Crab Combination Soup
Servings: 6
  • 1 ounce [28 g] dried mushrooms
  • Boiling water
  • 6 ounces [170 g] fresh or thawed crabmeat
  • 4 ounces [113 g] fresh or thawed frozen scallops
  • 1/2 cup [125 mL] drained whole or sliced bamboo shoots [1/2 of 8-ounce / 227-mL can]
  • 8 green onions
  • 1 teaspoon [5 mL] vegetable oil
  • 1 egg, slightly beaten
  • 6 cups [1.5 L] chicken broth
  • 1/2 teaspoon [2.5 mL] pared grated fresh ginger root
  • Pepper [optional]
  • 3 tablespoons [45 mL] cornstarch
  • 6 tablespoons [90 mL] water
  • 1 1/2 tablespoons [22.5 mL] dry Sherry
  • 4 teaspoons [20 mL] soy sauce
  • 2 egg whites
  • Transfer mushrooms into a bowl; cover with boiling water.
  • Let stand for 30 minutes, then drain.

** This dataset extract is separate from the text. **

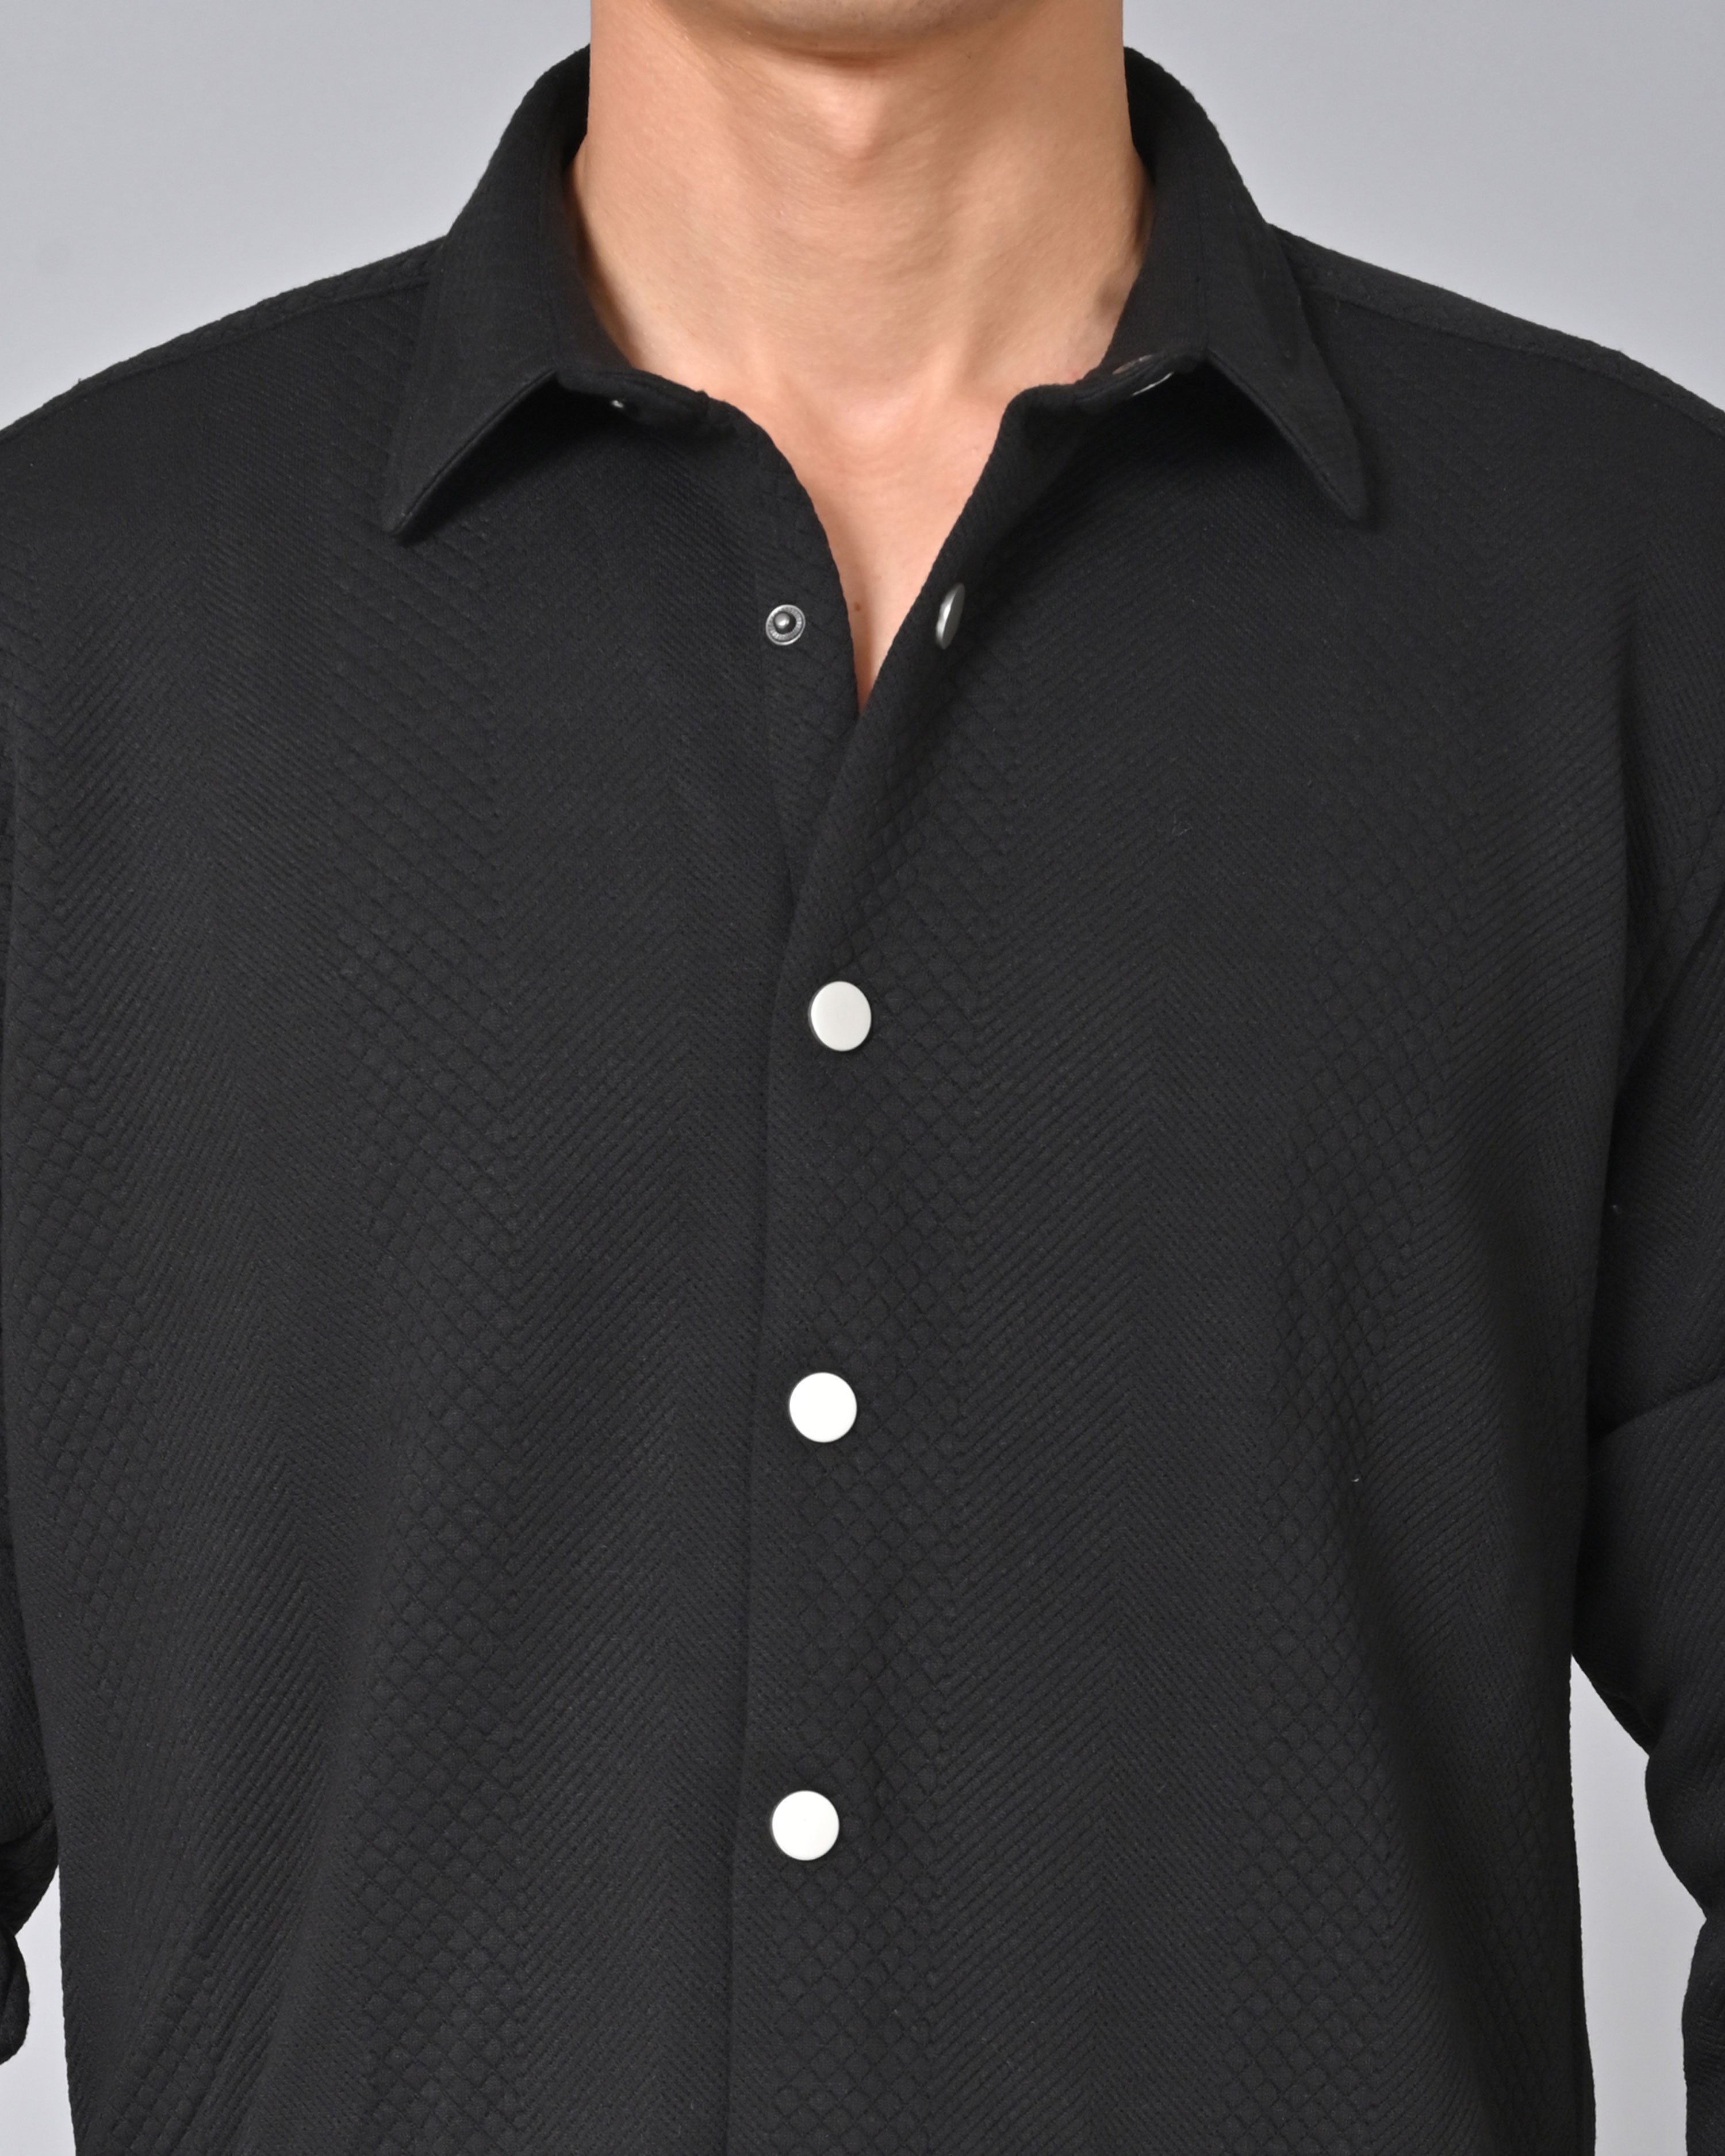 Buy Men's Black Knit Cotton Shirt Online
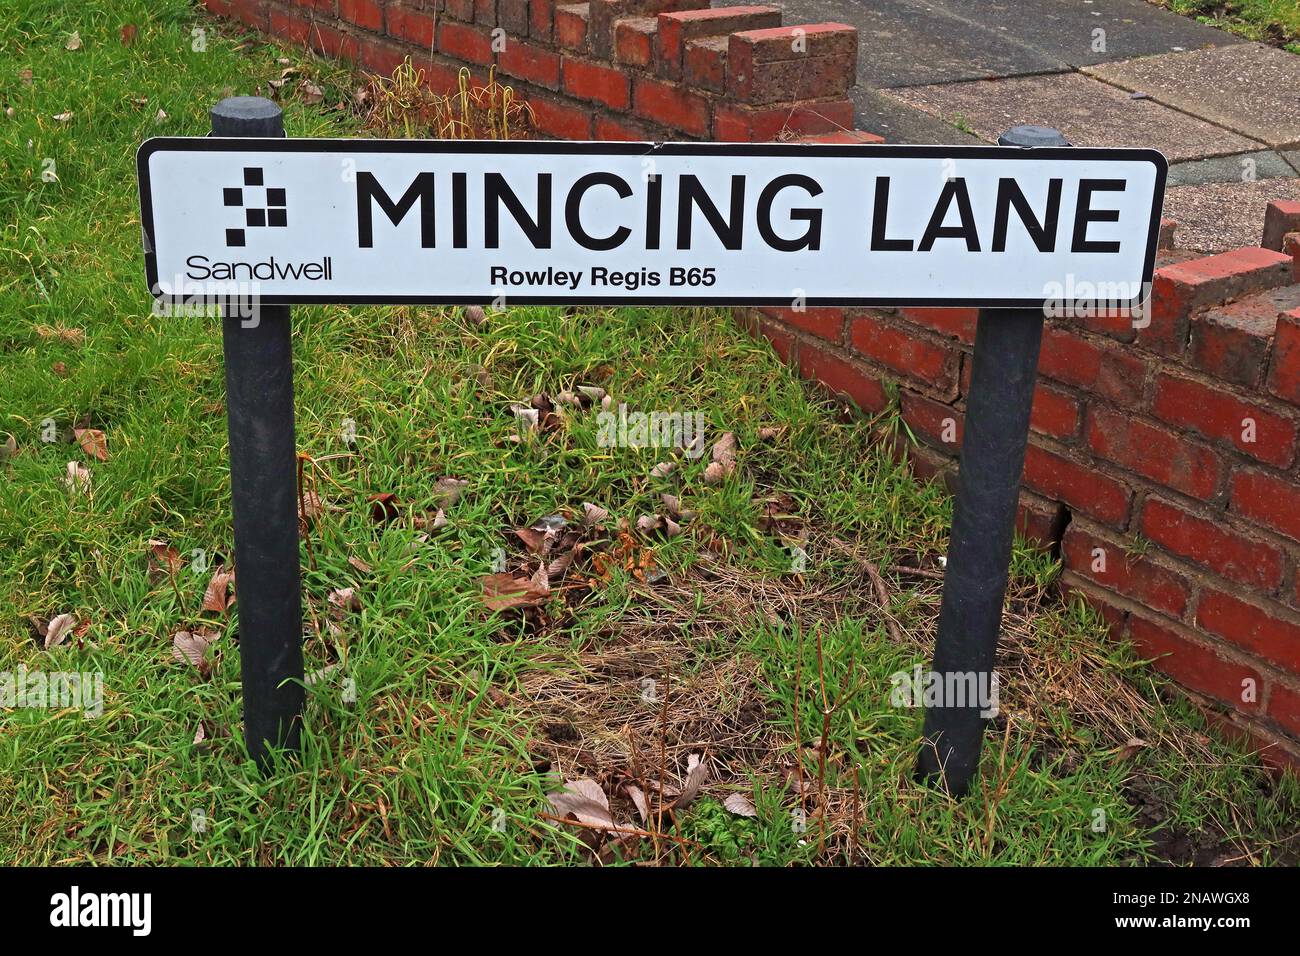 Mincing Lane, panneau routier, Rowley Village, Rowley Regis, Sandwell, West Midlands, Angleterre, Royaume-Uni, B65 9LX Banque D'Images

  • Remove and discard stems; cut caps into thin slices.
  • Flake crabmeat.
  • Rinse scallops under cold running water; drain then slice scallops into thin slices.
  • Cut bamboo shoots into thin strips.
  • Chop green onions.
  • Heat oil into small omelet or pancake pan.
  • Add beaten egg and tilt pan so egg completely covers the bottom.
  • Cook over medium-high heat until egg is set.
  • Loosen edges and turn egg over to cook the other side.
  • Remove from pan, roll up then cut egg into fine strips.
  • Pour chicken broth into a 12-cup [3-L] casserole.
  • Bring to a boil over high heat.
  • Stir in mushroom slices, crabmeat flakes, scallop slices, bamboo shoot strips, chopped green onions, fine egg strips, grated ginger root and, if desired, a little pepper.
  • Return soup to boil.
  • Combine cornstarch, 4 tablespoons [60 mL] of the water, dry Sherry and soy sauce; stir into soup mixture.
  • Return soup to boil.
  • Beat together egg whites and remaining 2 tablespoons [30 mL] water.
  • Slowly drizzle egg whites into soup, stirring vigourously.